_YOUR OBJECTIVE_
A verbatim transcript of the data that follows, free of images, is the expected result.

_DATA EXTRACT_
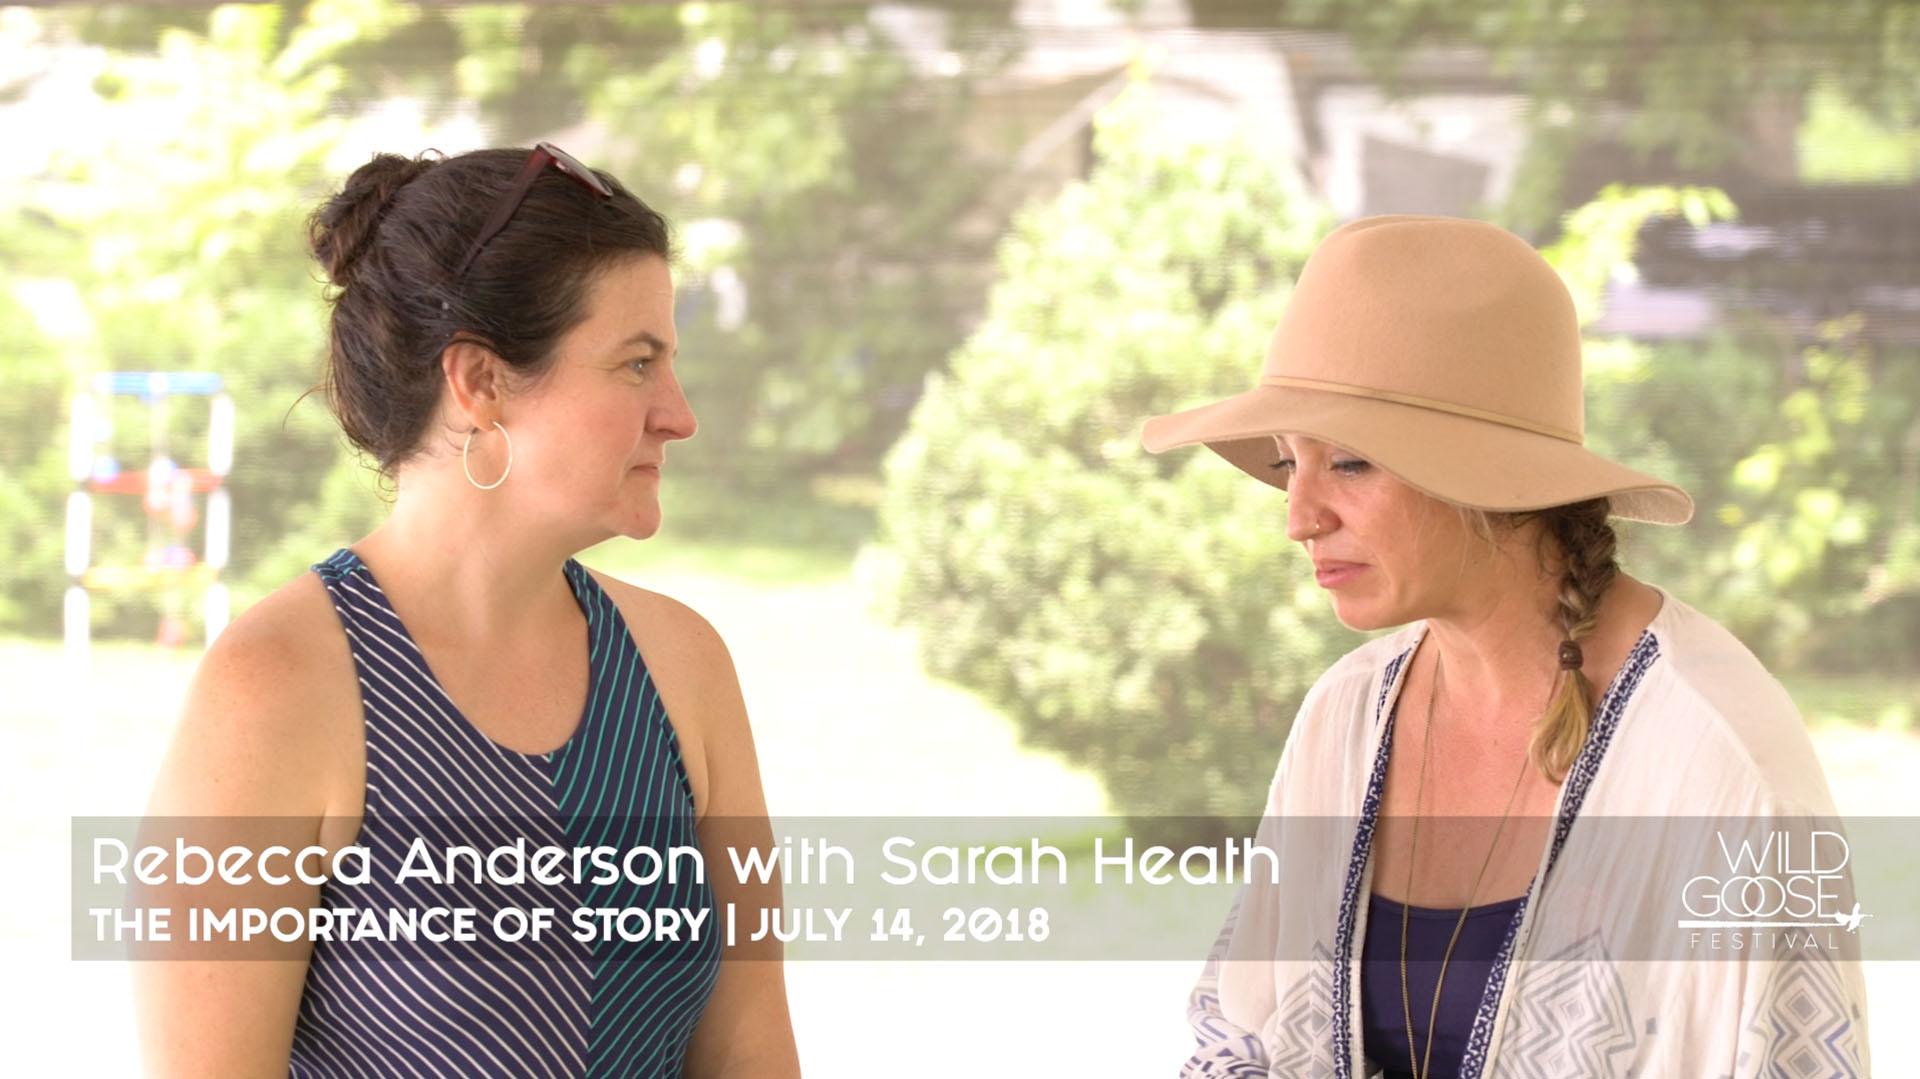 Rebecca Anderson with Sarah Heath
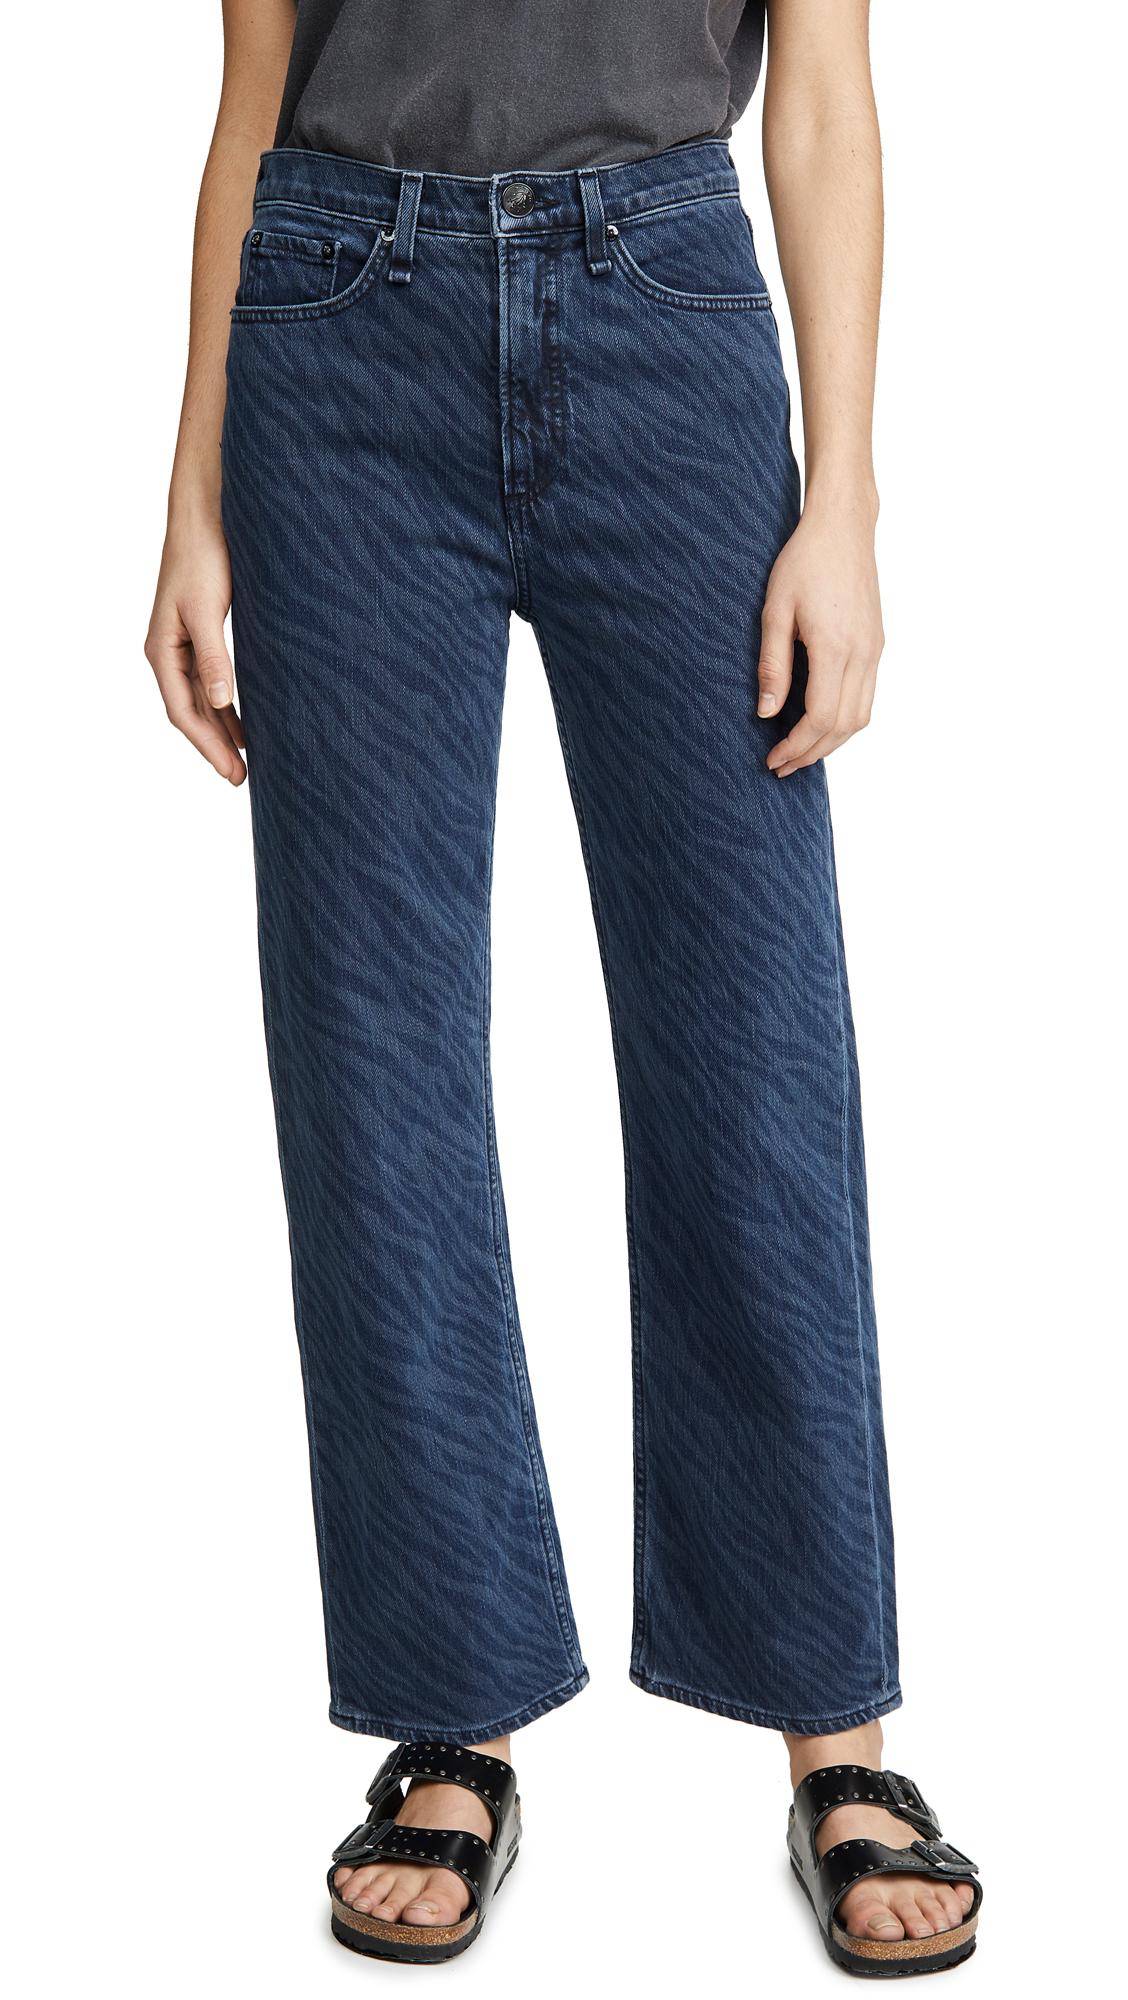 Buy Rag & Bone/JEAN online - photo of Rag & Bone/JEAN Ruth Super High-Rise Straight Jeans
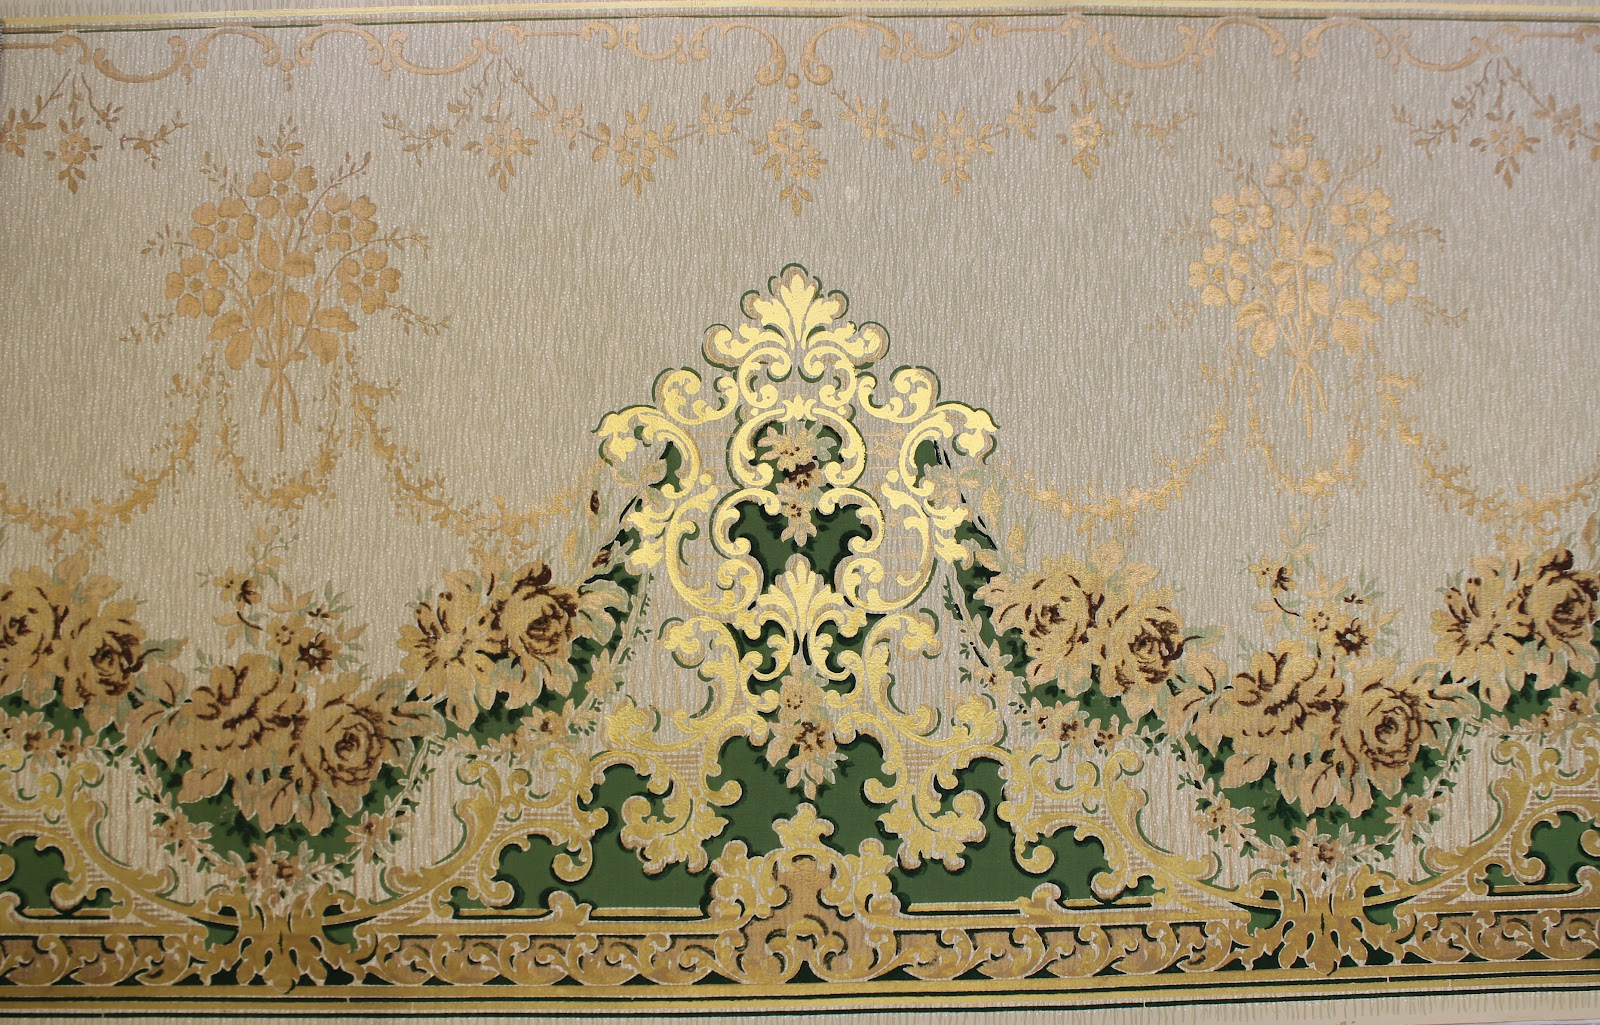 wallpaper pattern vintage - photo #33
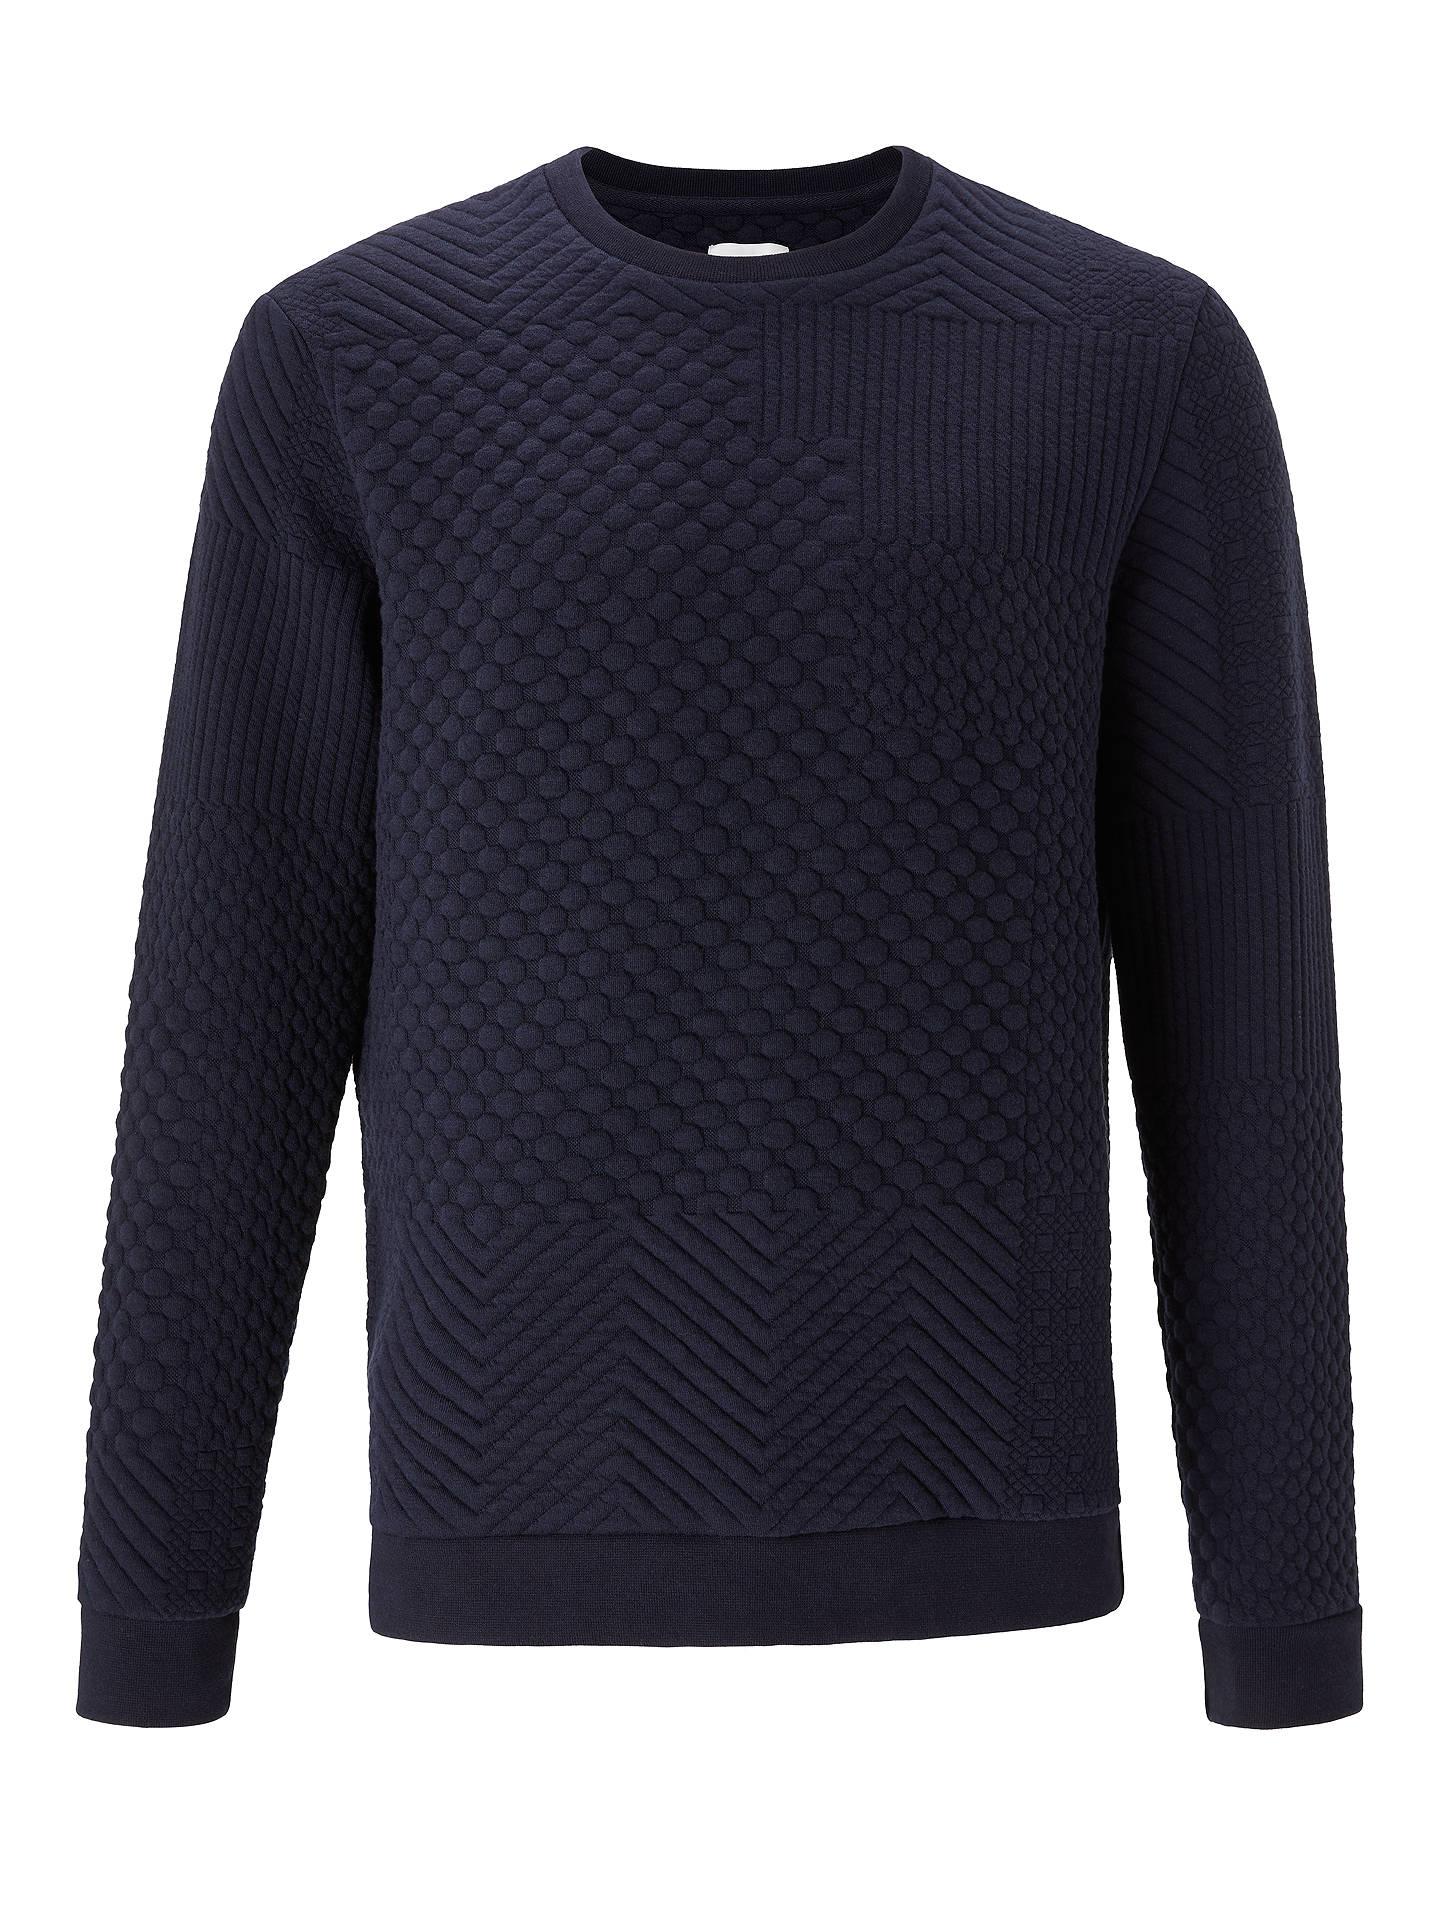 Tee Shirt Sweatshirt Design Quilting Evolution T Shirt

_ANSWER TO THE EXERCISE_
 Rebecca Anderson with Sarah Heath
 Buy Rag & Bone/JEAN online - photo of Rag & Bone/JEAN Ruth Super High-Rise Straight Jeans
 wallpaper pattern vintage - photo #33
 Tee Shirt Sweatshirt Design Quilting Evolution T Shirt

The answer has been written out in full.